Random-Access Compressed String Store (RACSS)
Cut storage costs for large static datasets with zero decompression latency
RACSS is a lookup-optimized string and attribute store that provides instant random access to heavily compressed data with zero decoding latency — it is not a streaming compressor.
What RACSS actually provides
- instant random access to compressed data with zero decoding latency;
- significant storage size reduction for string- and attribute-heavy datasets;
- minimal RAM footprint (no full-block or full-file decompression);
- tiny and simple decoder (~200 lines of C), easy to integrate and audit;
- substantial I/O throughput gain due to reduced data transfers;
- real-time performance on resource-limited hardware;
- flash- and mmap-friendly access pattern (no staging buffers, no working set expansion);
Core concept
Strings are stored using a recursive dictionary representation:
- dictionary entries may reference other entries;
- references are compact and efficiently encoded;
- decoding requires no auxiliary tables or external state.
In real-world datasets, recursion depth is very shallow, even for large and highly redundant inputs.
This makes RACSS suitable for systems where:
- stack depth is limited,
- memory usage must be predictable,
- decompression logic must remain simple and inspectable.

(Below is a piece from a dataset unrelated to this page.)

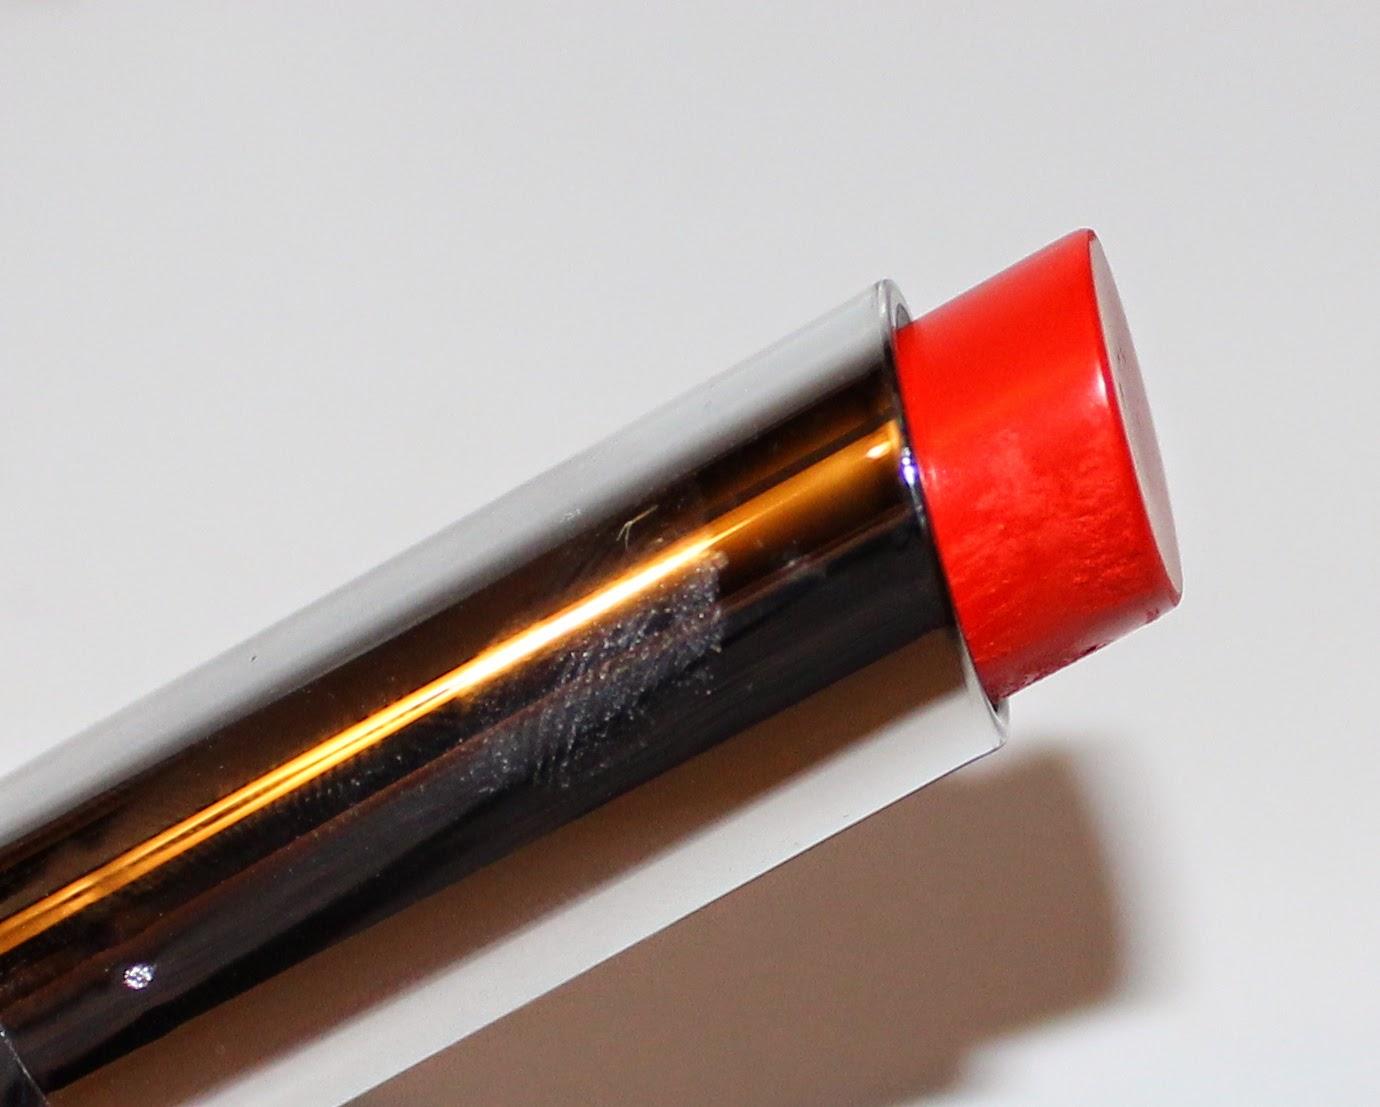 Stila Color Balm Lipstick in Valentina

Example: how RACSS tokenizes real text
Below is a minimal real-world example showing how RACSS tokenizes text.
Input text (8 lines):
Jingle Bells, Jingle Bells Jingle all the way Oh what fun it is to ride in a One horse open sleigh Jingle Bells, Jingle Bells Jingle all the way Oh what fun it is to ride in a one Horse open sleigh
After compression, RACSS produces two kinds of entries:
- L - logical input lines (stored as token sequences)
- D - dictionary entries (reusable substrings)
Tokens in square brackets ([n]) refer to dictionary entries by index.
Logical lines
L 1 :"[7]" L 2 :"[3]" L 3 :"[2]" L 4 :"On[6]h[4]" L 5 :"[7]" L 6 :"[3]" L 7 :"[2] one" L 8 :"H[4]"
Each logical line is stored independently as a sequence of literals and dictionary references.
Dictionary entries
D 1 :"[5]Bells" D 2 :"Oh what fu[8]it is to rid[6]i[8]a" D 3 :"[5]all th[6]way" D 4 :"ors[6]ope[8]sleigh" D 5 :"Jingl[6]" D 6 :"e " D 7 :"[1], [1]" D 8 :"n "
The dictionary is self-referential: dictionary entries may reference other dictionary entries. This allows RACSS to represent recurring substrings compactly without flattening them into a single global stream.
What this demonstrates
- No global stream dependency — each line is decoded independently.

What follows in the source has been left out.